Most hypothesis tests you'll encounter ask a simple question: are these means different? The tests below handle this question under different conditions—known vs. unknown variance, one group vs. two, independent vs. paired observations.

Z-Test

Use when population variance is known—this is rare in practice but common on exams as a foundational concept
Requires normality or large samples ( $n > 30$ ) thanks to the Central Limit Theorem
Test statistic formula: $Z = \frac{\bar{x} - \mu}{\sigma / \sqrt{n}}$ , where $\sigma$ is the known population standard deviation

T-Test (One-Sample, Two-Sample, Paired)

One-sample T-test compares a sample mean to a hypothesized population mean when variance is unknown—uses $s$ instead of $\sigma$
Two-sample T-test compares means from two independent groups; choose pooled or Welch's version based on whether variances are equal
Paired T-test handles dependent observations (before/after, matched subjects)—analyzes the differences within pairs, not raw scores

Compare: Z-test vs. T-test—both compare means to a reference value, but Z-tests require known population variance while T-tests estimate it from sample data. On exams, if they give you $\sigma$ , think Z-test; if they give you $s$ , think T-test.

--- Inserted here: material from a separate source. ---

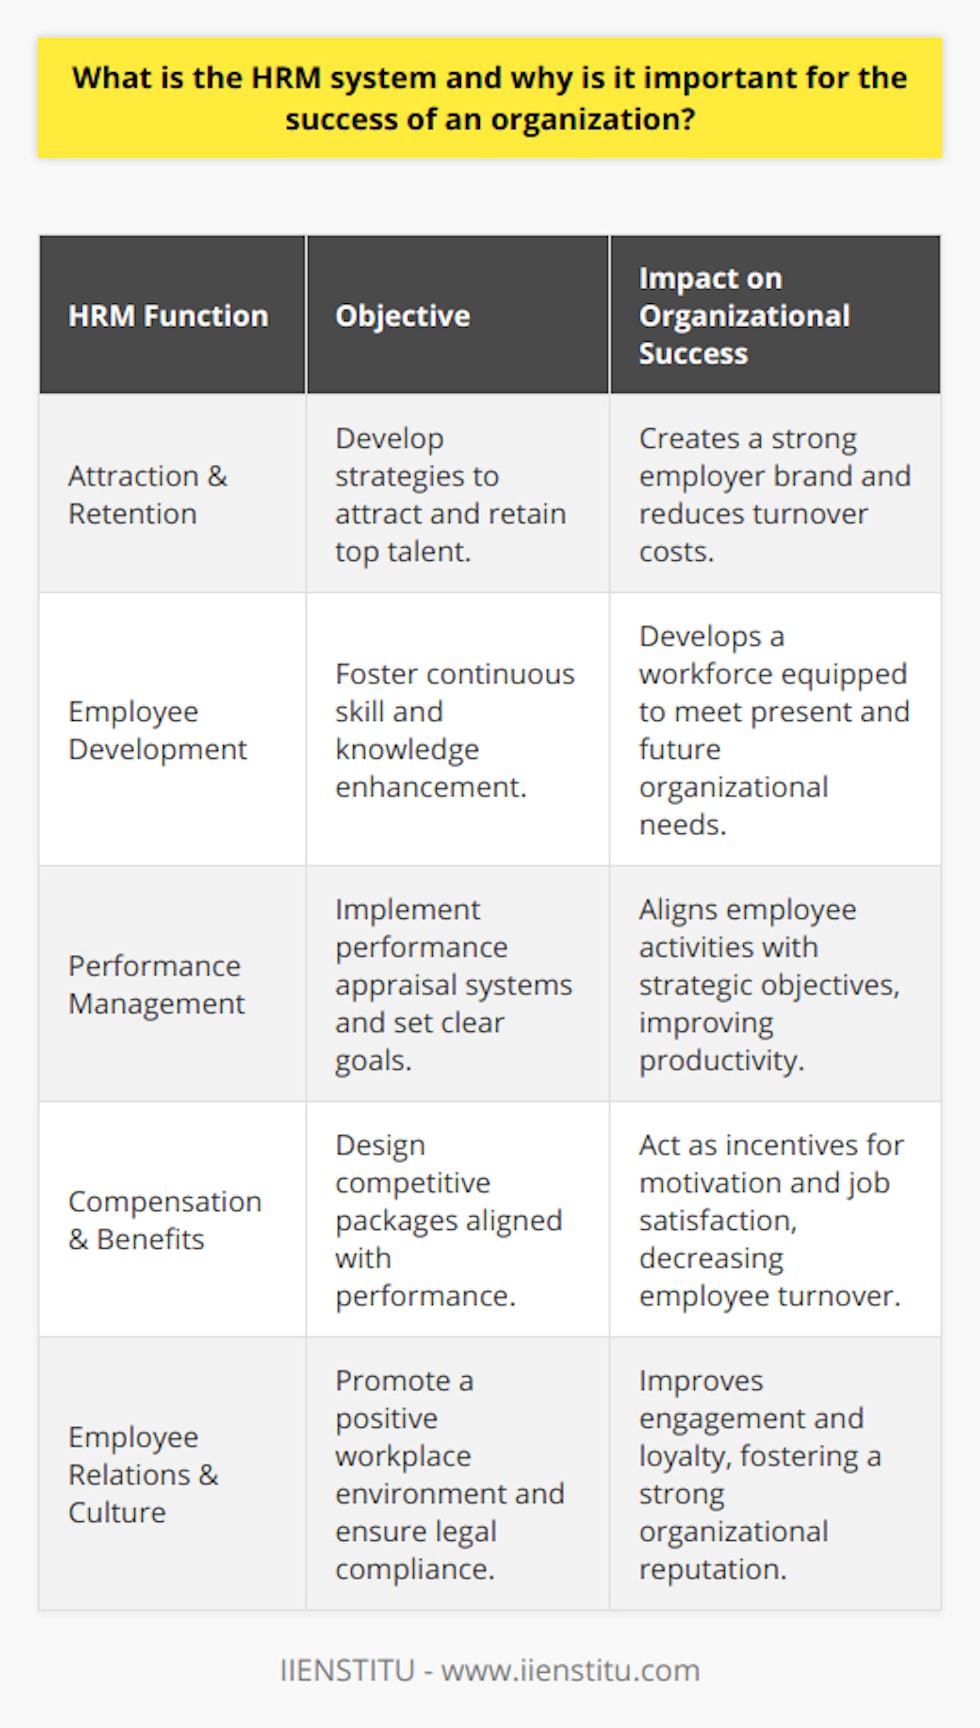 The Human Resource Management (HRM) system is an integral function within an organization that manages all aspects related to its workforce. It encompasses a comprehensive set of practices and processes aimed at efficiently managing people within an institution to contribute to the organization's objectives and sustainability.Why HRM is Critical for Organizational Success:Attracting and Retaining Talent:HRM systems are crucial for developing strategies that enhance an organization's ability to attract top talent in a competitive job market. Equally important is the system's ability to retain this talent through employee satisfaction and loyalty initiatives. A competent HRM system helps in creating a robust employer brand that appeals to high-caliber candidates.Employee Development and Skill Enhancement:An organization's adaptability and growth heavily depend on the continual development of its employees' skills and knowledge. Through well-structured training and development programs, HRM ensures that employees are equipped to take on current and future challenges. This investment not only bolsters the employees' capabilities but also benefits the organization through improved performance and innovation.Performance Management:HRM systems provide frameworks for goal setting, performance appraisals, and feedback channels, enabling employees to align their efforts with the organization's strategic objectives. Effective performance management leads to a clear understanding of expectations, recognizes achievements, and identifies areas for improvement, thereby driving performance standards across the organization.Compensation and Benefits:A strategic HRM system ensures that compensation packages are structured to attract and retain top talent while also reflecting the organization's financial reality and conforming to market standards. The alignment of rewards with employee performance acts as a motivator and can result in increased productivity.Employee Relations and Work Culture:HRM is pivotal in cultivating a positive workplace culture that promotes employee engagement, collaboration, and well-being. The system includes managing employee relations, ensuring compliance with employment laws, and developing policies that support a healthy work-life balance. A positive work environment fosters loyalty, reduces turnover, and enhances organizational reputation.In summation, HRM systems play a vital role in any organization by managing the full employee lifecycle—from hiring to retirement. Effective HRM aligns with the strategic objectives of the company, ensuring that the workforce is engaged, well-managed, and optimally utilized. By investing in HRM, organizations can develop a strong workplace culture, enhance their competitive edge, and achieve sustainable success in their respective industries.

Comparing Multiple Groups: Beyond Two Means

When you have three or more groups, running multiple T-tests inflates your Type I error rate. ANOVA solves this by testing all groups simultaneously using variance decomposition—comparing variation between groups to variation within groups.

ANOVA (One-Way, Two-Way)

One-way ANOVA tests whether means differ across three or more groups based on a single factor—the null hypothesis is $H_0: \mu_1 = \mu_2 = ... = \mu_k$
Two-way ANOVA examines two factors simultaneously and can detect interaction effects—when the impact of one factor depends on the level of another
F-statistic is the ratio of between-group variance to within-group variance; larger values suggest group means truly differ

F-Test

Compares two variances to test if they're significantly different—the ratio $F = \frac{s_1^2}{s_2^2}$ follows an F-distribution
Underlies ANOVA calculations—every ANOVA table includes an F-statistic for testing mean equality
Assumes normality and independence—sensitive to violations, especially with small samples

Compare: T-test vs. ANOVA—T-tests handle two groups; ANOVA handles three or more. If an FRQ gives you multiple treatment conditions, ANOVA is your go-to. Remember: ANOVA tells you something differs but not what—you need post-hoc tests for that.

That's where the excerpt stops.